**REQUIRED WORK**
The copy should begin at the line containing "a1e0b22165e0 Lyst - Ferragamo" and end at the last line of the material. Please reproduce those lines exactly and keep pictures out.

**DATA BLOCK**
============
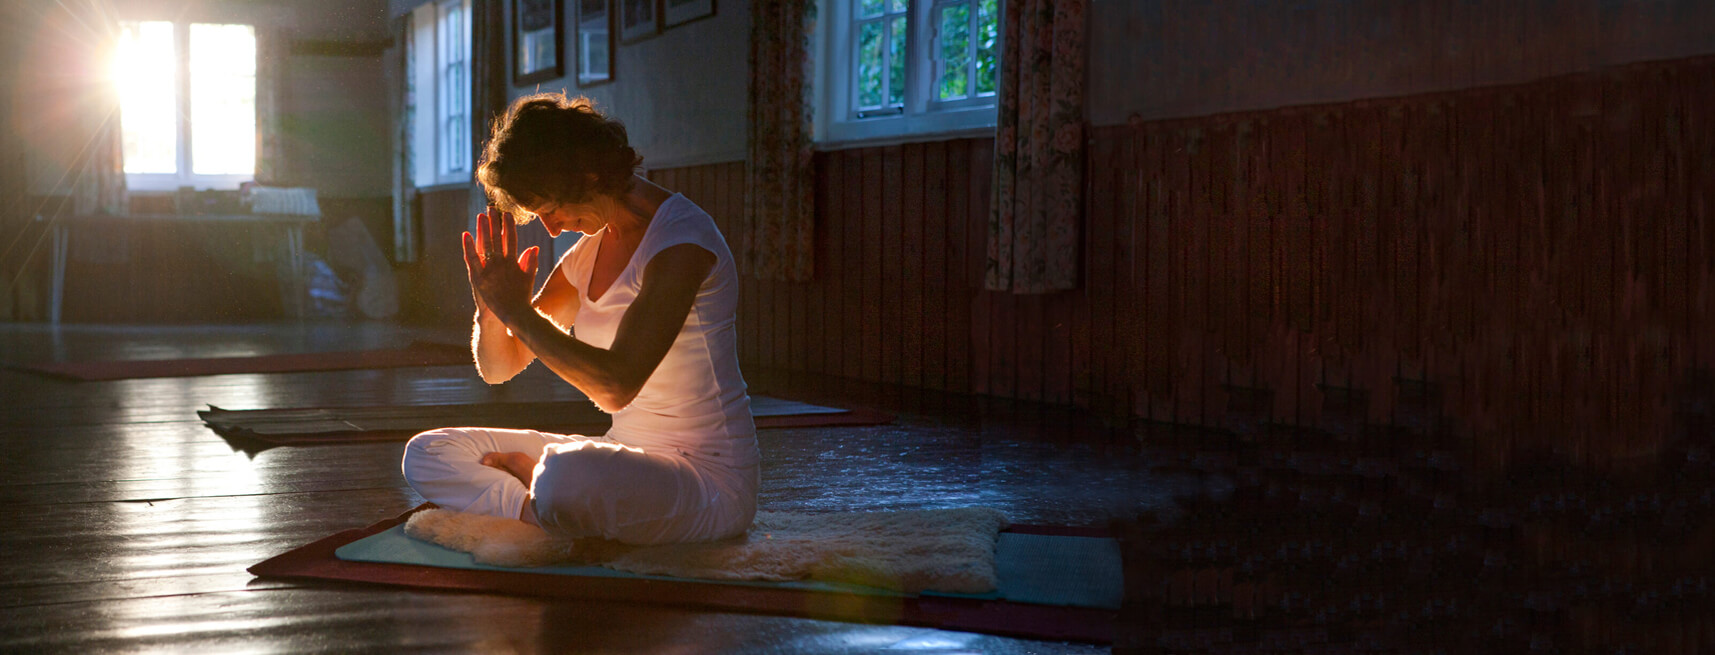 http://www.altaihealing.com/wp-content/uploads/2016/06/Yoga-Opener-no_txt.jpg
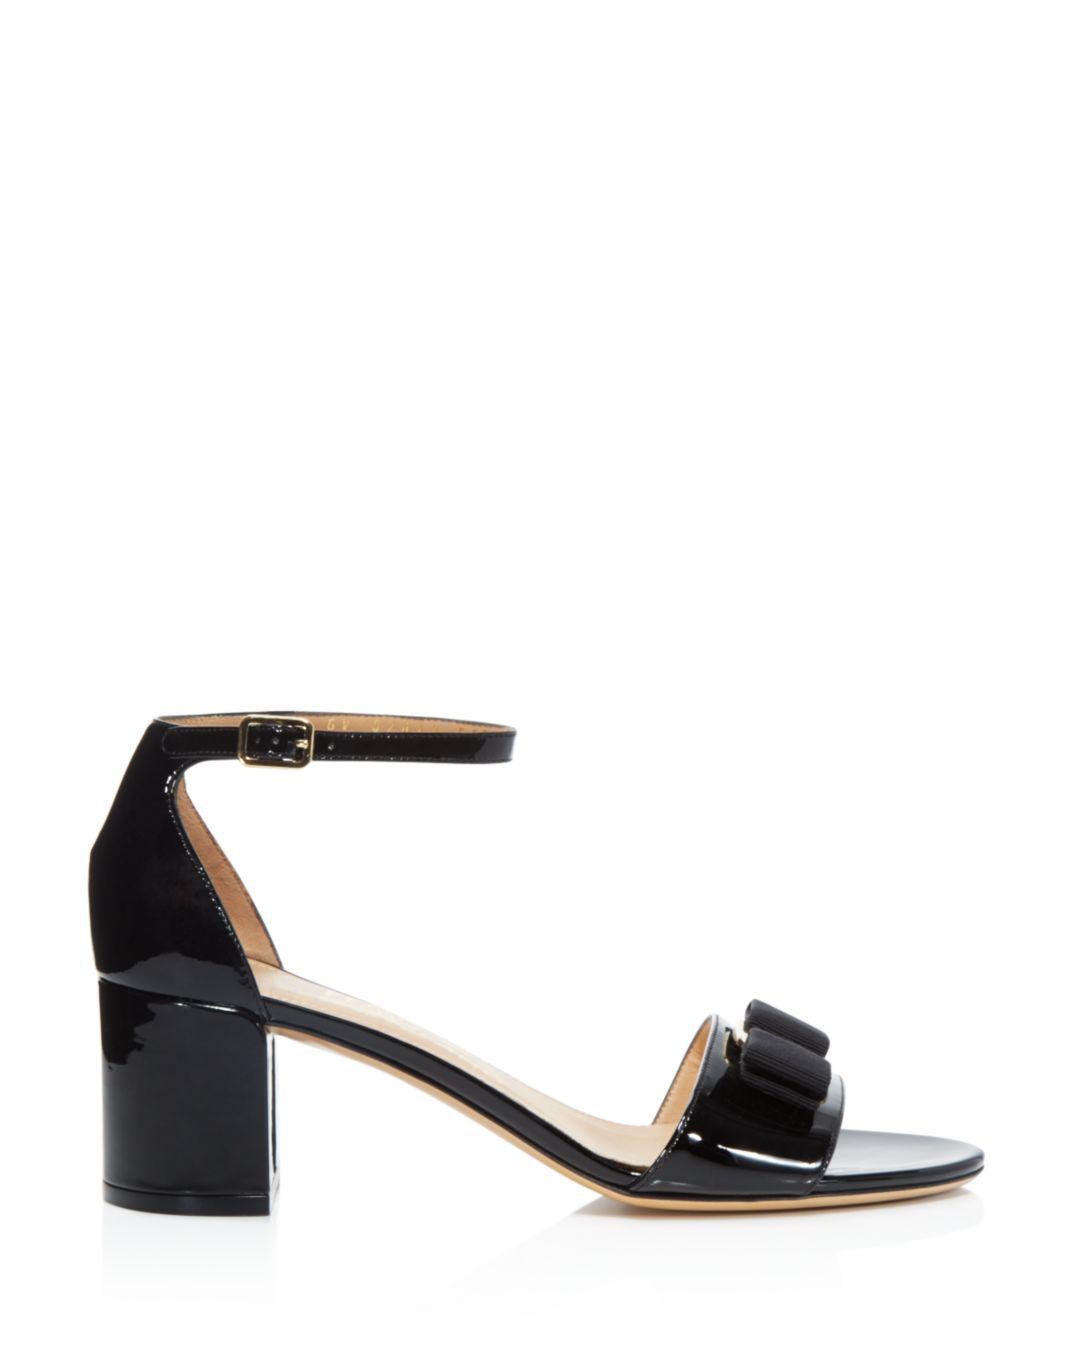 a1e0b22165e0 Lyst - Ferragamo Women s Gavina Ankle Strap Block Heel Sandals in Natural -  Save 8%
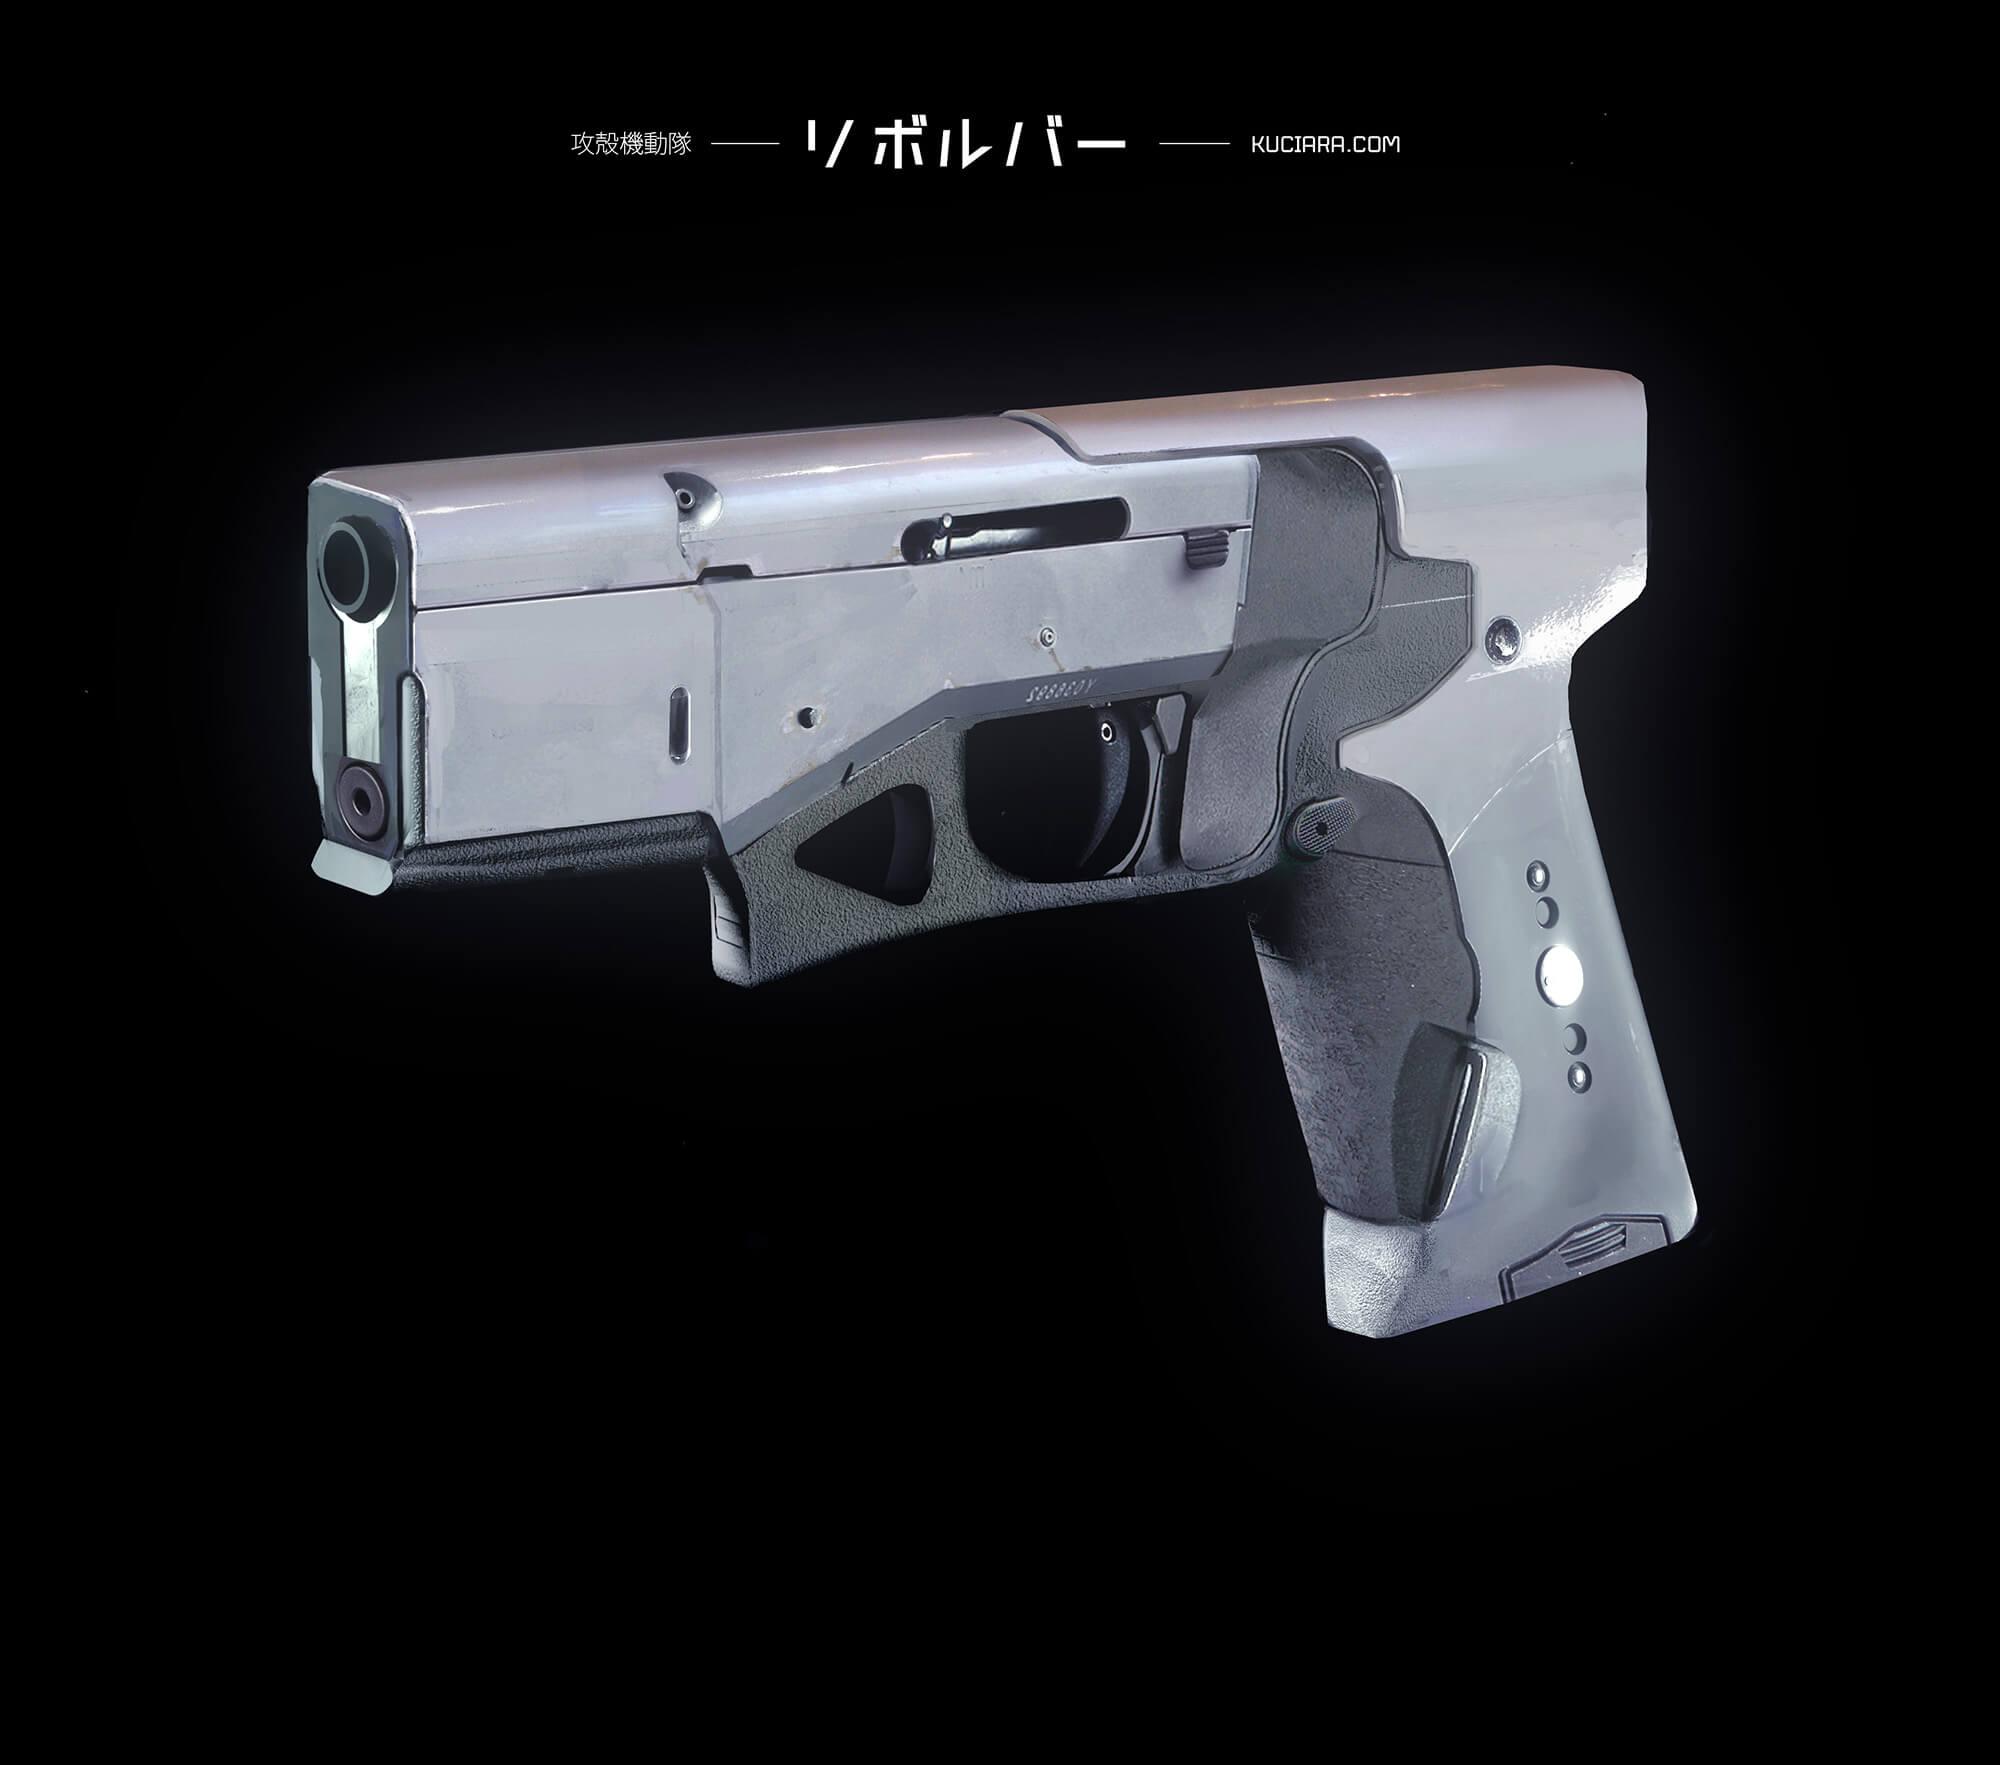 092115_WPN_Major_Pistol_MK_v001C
============
**WRITTEN REPLY**
 a1e0b22165e0 Lyst - Ferragamo Women s Gavina Ankle Strap Block Heel Sandals in Natural -  Save 8%
 092115_WPN_Major_Pistol_MK_v001C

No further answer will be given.